Заметив тревожные думы отпущенника по выражению его лица, Агриппина поспешила его мыслям дать другое направление.
— Клавдий, верно, все еще в триклиниуме[3] за вином, — сказала она. — Пойдемте к нему. Адеррония, дежурная дама моей свиты, пойдет за нами.
— Нет, императора уже давно унесли в спальню, — ответил Паллас. — Но, все равно, если вы желаете его видеть, я готов проводить вас на его половину.
И говоря это, Паллас направился к выходу. За ним последовала императрица в сопровождении своей верной наперсницы Ацерронии. Проходя открытым двором, где был дворцовый караул, из отряда преторианцев, Паллас подошел к центуриону Пуденсу и дал ему пароль на ночь.
— Император почивает, — доложил один из рабов, стоявших на страже у дверей, когда Агриппина вместе с Палласом переступила порог опочивальни императора.
— Хорошо, — сказала императрица, — вы пока можете удалиться. Нам необходимо переговорить с императором о деле, и мы подождем здесь, когда он проснется. Подайте мне светильник и ступайте. Ацеррония подождет нас за дверьми.
Передав Агриппине золотой светильник, стража молча покинула опочивальню. Здесь, среди комнаты, на низком роскошном ложе лежал опьяненный император и храпел. Красный, с опухшим лицом, с седыми волосами, в беспорядке всклокоченными, с венком из лавров, сбитым на лоб, со ртом полуоткрытым, в пурпуровой тоге, безобразно смятой и залитой вином, он менее всего походил на императора.

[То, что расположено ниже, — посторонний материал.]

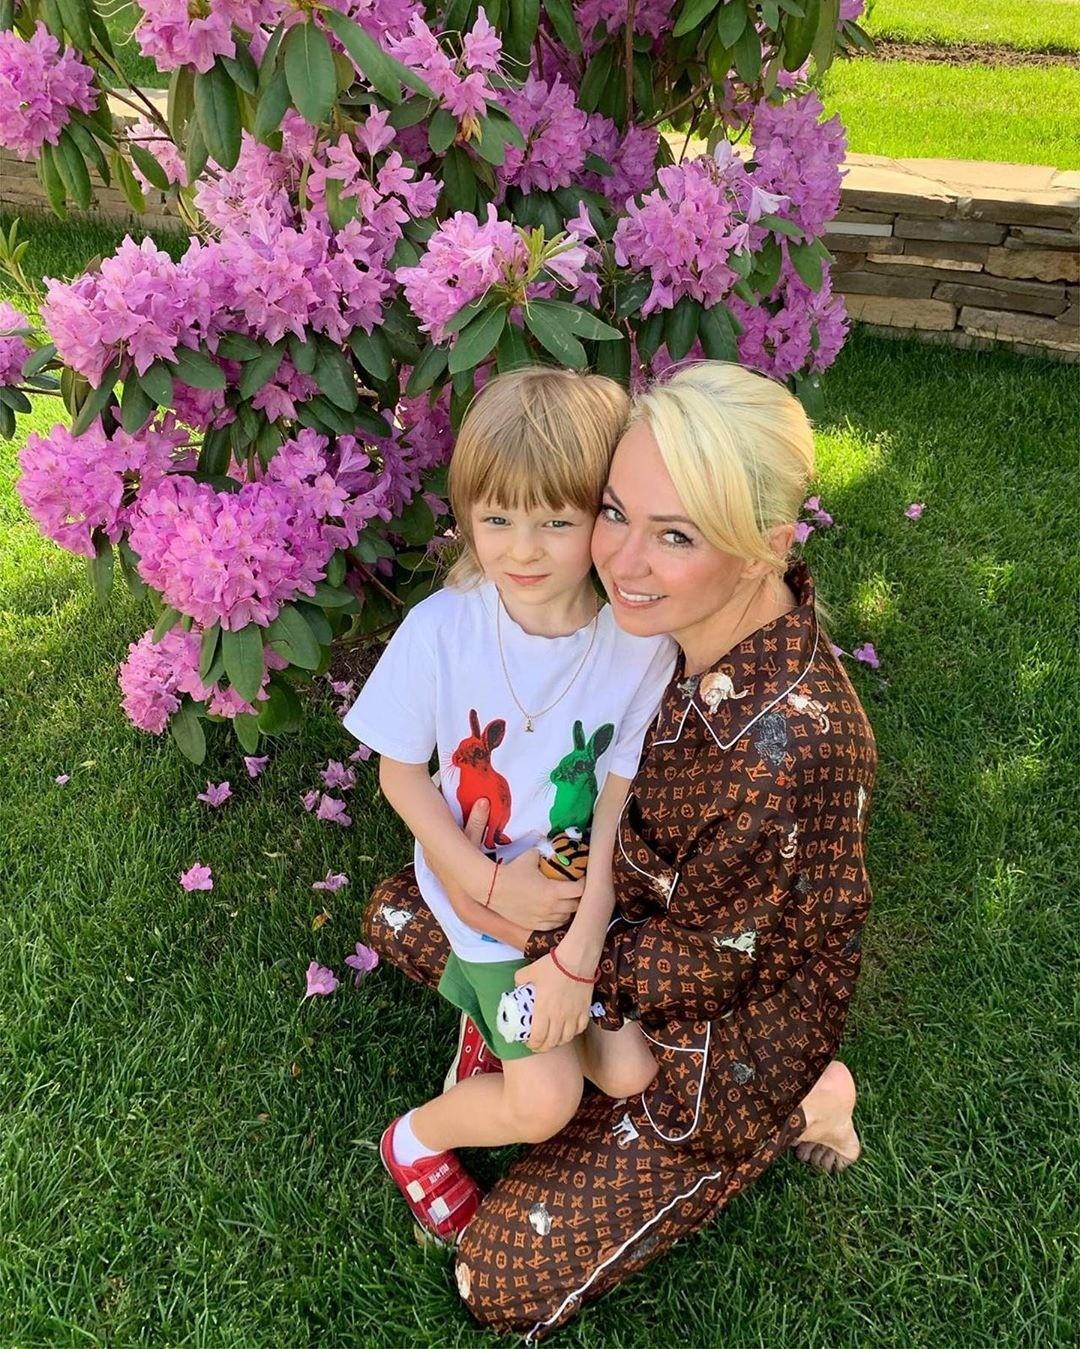 Яна Рудковская втянула сына в свой конфликт с подписчиками

— Пьяница, кретин! — с невыразимой ненавистью, как во взгляде, так и в голосе, прошипела Агриппина, подойдя к ложу и осветив светильником старческое обезображенное пьянством лицо Клавдия. — Разве не права была его мать Антония, часто величавшая его позором рода человеческого? И удивительно ли, если брат мой Кай позволял себе потешаться над ним, бросая в него за одно с своими гостями косточки олив и фиников, когда он засыпал за столом. Я сама не раз видела, как обмазывали ему лицо виноградным соком и, стащив с его ног сандалии, надевали ему их на руки, чтоб, проснувшись, он ими протер себе глаза. И подумать, что этот презренный человек-властитель пол мира, тогда как мог бы быть на престоле римских цезарей такой даровитый юноша, как мой красавец Нерон!